In 28580.diff I've greatly improved the performance for loading the preview, including the delay for refreshing the preview, by changing the Ajax request to only include data for settings that have actually been changed (those which are dirty).
(I think the _dirty
property should be changed to perhaps be a dirty
Value
which can be watched itself.)
#6
follow-up:
↓ 7
@
10 years ago
+1 for 28580.diff, although I'm not sure that this is the right ticket for it. I think we'll definitely want to lazy-load controls and settings initially at some point as this ticket proposes (which #29572 starts to build a framework for), but that's very doubtfully 4.1 material, and in the meantime we should only post dirty settings to the preview with this patch.
#7
in reply to:
↑ 6
;
follow-up:
↓ 8
@
10 years ago
Replying to celloexpressions:
+1 for 28580.diff, although I'm not sure that this is the right ticket for it. I think we'll definitely want to lazy-load controls and settings initially at some point as this ticket proposes (which #29572 starts to build a framework for), but that's very doubtfully 4.1 material, and in the meantime we should only post dirty settings to the preview with this patch.
I think maybe this ticket should be rewritten to just be about improving performance, because now I'm not sure that lazy-loading is really the core need.
#8
in reply to:
↑ 7
@
10 years ago
Replying to westonruter:
I think maybe this ticket should be rewritten
I prefer a new ticket for 28580.diff so that we can get it in.
#9
@
10 years ago
- Keywords needs-patch added; has-patch removed
- Milestone changed from 4.1 to Future Release
#29983 for now. We can always wontfix this if we decide it's not needed.
#12
@
10 years ago
Hello, I was just wondering if is there still interest in this ticket. I'm definitely interested.
Especially in this idea:
Load sub-section contents only when a panel is entered.
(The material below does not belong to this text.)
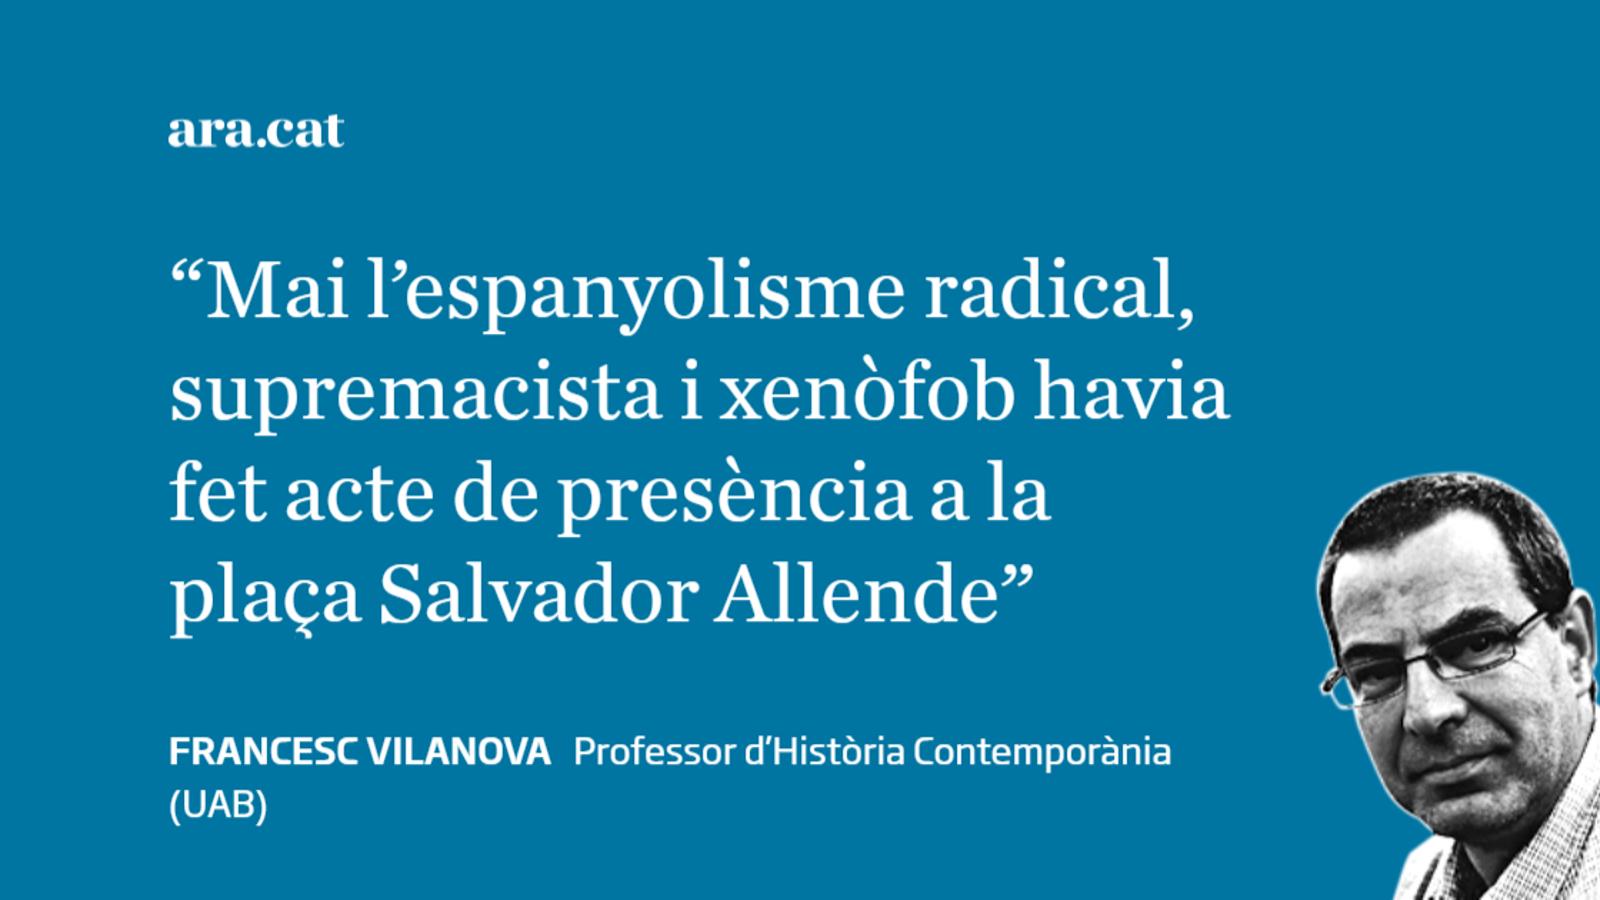 13 de setembre, Salvador Allende

To keep a light DOM tree, would be great to actually attach
and detach
the DOM of a control only when its section is open
/ closed
. You think is possible with the current API (4.1) to get this behavior?
This ticket was mentioned in Slack in #core-customize by celloexpressions. View the logs.
10 years ago
@
10 years ago
Don't embed controls until the containing section is expanded for the first time. Works for both traditional and JS-templated controls.
#15
follow-up:
↓ 16
@
10 years ago
- Keywords has-patch added; needs-patch removed
28580.2.diff is a functional proof of concept for waiting to insert controls into the DOM until their containing section is opened for the first time. Needs refinement around edge cases, and fallbacks to ensure that a control is always embedded in the DOM if it's supposed to be visible (need to check what happens with custom sections that override onChangeExpanded
and behavior if an unembedded control is moved to a previously-content-embedded section). But potentially a big performance improvement especially with things like the Customizer Theme Switcher.
#16
in reply to:
↑ 15
@
10 years ago
Replying to celloexpressions:
In this patch, autofocusing on controls is broken, for instance: /wp-admin/customize.php?autofocus[control]=blogname
.
#17
@
10 years ago
@celloexpressions: in 28580.3.diff the ThemeControl
's renderContent
method gets deferred until the containing section is expanded, meaning that the screenshots won't load until the Theme Switcher panel is opened. Given the lateness of the release cycle, I think such a Theme Switcher-specific loading optimization should be what is in scope. /cc @mattwiebe
#18
@
10 years ago
Let's continue the discussion regarding Theme Switcher performance improvements to the ticket specific to it, as it is the key one for 4.2: #31793
#19
follow-up:
↓ 20
@
9 years ago
- Keywords needs-patch added; has-patch removed
- Milestone changed from Future Release to 4.4
- Owner set to westonruter
- Status changed from new to accepted
Customizer performance is going to be a key focus for 4.4
#20
in reply to:
↑ 19
@
9 years ago
Yea! Very excited to work on improving performance in the customizer!
Replying to westonruter:
Customizer performance is going to be a key focus for 4.4
#21
@
9 years ago
For nav menu items and widget instances, it's possible that we could postpone the fetching of the settings data until they are actually used. When a nav menu section or widget area (sidebar) section is expanded into view, this could kick off an Ajax request to load the settings data for the given menu items and widget instances. The request for widgets would also need to fetch the markup for each of the controls, since widgets still rely on PHP for all validation and form generation. (Aside, I'm proposing in #33507 a new implementation of widget controls that rely entirely on JS for form generation and data validation in the UI.)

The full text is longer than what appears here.